The work that the working group has done highlights that all children presenting with acute onset neuropsychiatric symptoms should receive a full medical evaluation and signposts clinicians to existing international peer review treatment guidelines. As I have said, while NICE currently has no plans to issue guidance, should the evidence base develop further, and should there be an opportunity to do that, we would look to update clinical policy. NHS England would then consider the development of care pathways for those living with PANS/PANDAS. The key is building that evidence research base.

We have the evidence to sufficiently demonstrate that PANS and PANDAS are discrete disease entities. I hope that answers the question by the hon. Member for North East Fife on whether we recognise that. We absolutely do, but we do not have the evidence and research base on assessment, diagnosis, treatment and management. However, the Department is funding research into rare diseases through the National Institute for Health and Care Research, which is spending over £1 billion a year every year on research particularly into rarer conditions.
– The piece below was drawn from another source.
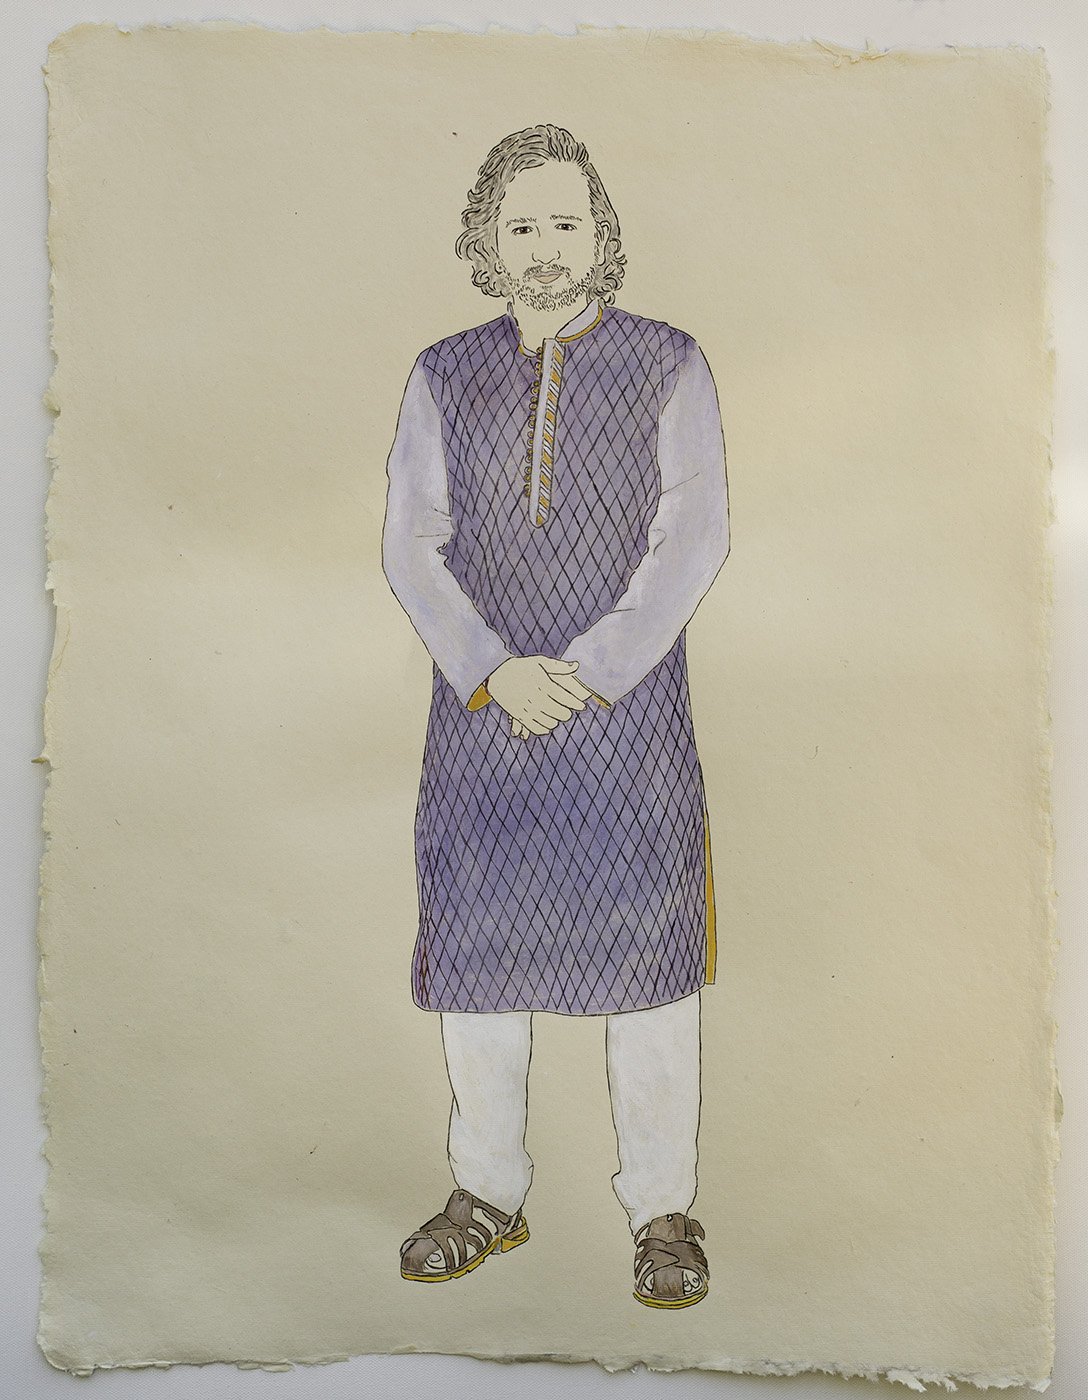   Available    Man in Traditional Indian Garb   2021, ink, watercolor, and gouache on handmade paper, 25” x 19” 
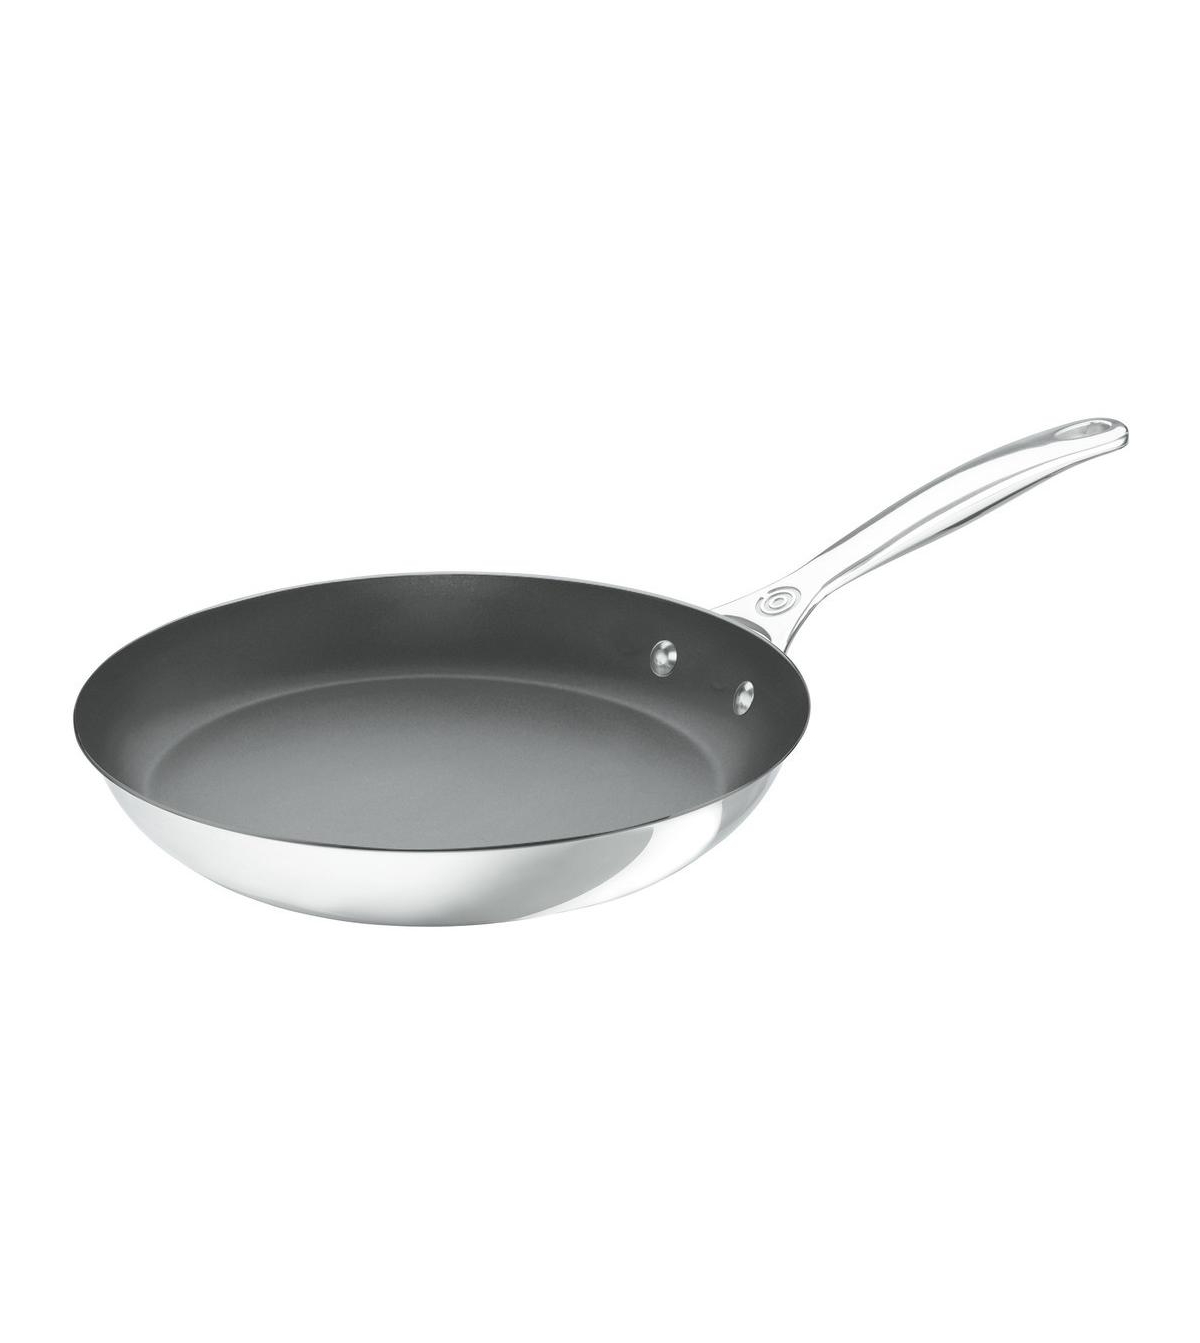 Le Creuset 10" Stainless Steel Nonstick Frying Pan In N,a

It welcomes funding applications for research into any aspect of human health, which would include PANS and PANDAS. Applications are subject to peer review and judged in open competition, with awards made on the basis of importance to the topics of patients, health and care services.

The National Institute for Health and Care Research does not just provide funding; it will also provide guidance, whether for academics, clinicians, researchers, the working group, charities or any other organisation. I am happy to organise introductory meetings with the National Institute for Health and Care Research. It has met other groups to explore the types of research it would support and that would build an evidence base. I strongly encourage researchers with an interest in this area to come forward with proposals so that we can develop that evidence base and make real inroads.

Other countries are not necessarily leading the way. Not many countries have international guidance on the issue. I cannot remember which hon. Member referred to this, but the UK and the devolved nations have an opportunity to take a lead, build that evidence base and develop guidance on that basis.

I assure colleagues that I am committed to ensuring that those with PANS and PANDAS get the care they need. We need more high-quality research into these conditions. That is the only way we can get better outcomes for patients. I am happy to meet both the APPG and the working group to take this forwards, because there is an opportunity to develop our knowledge, increase awareness and ultimately to have better outcomes for those children affected.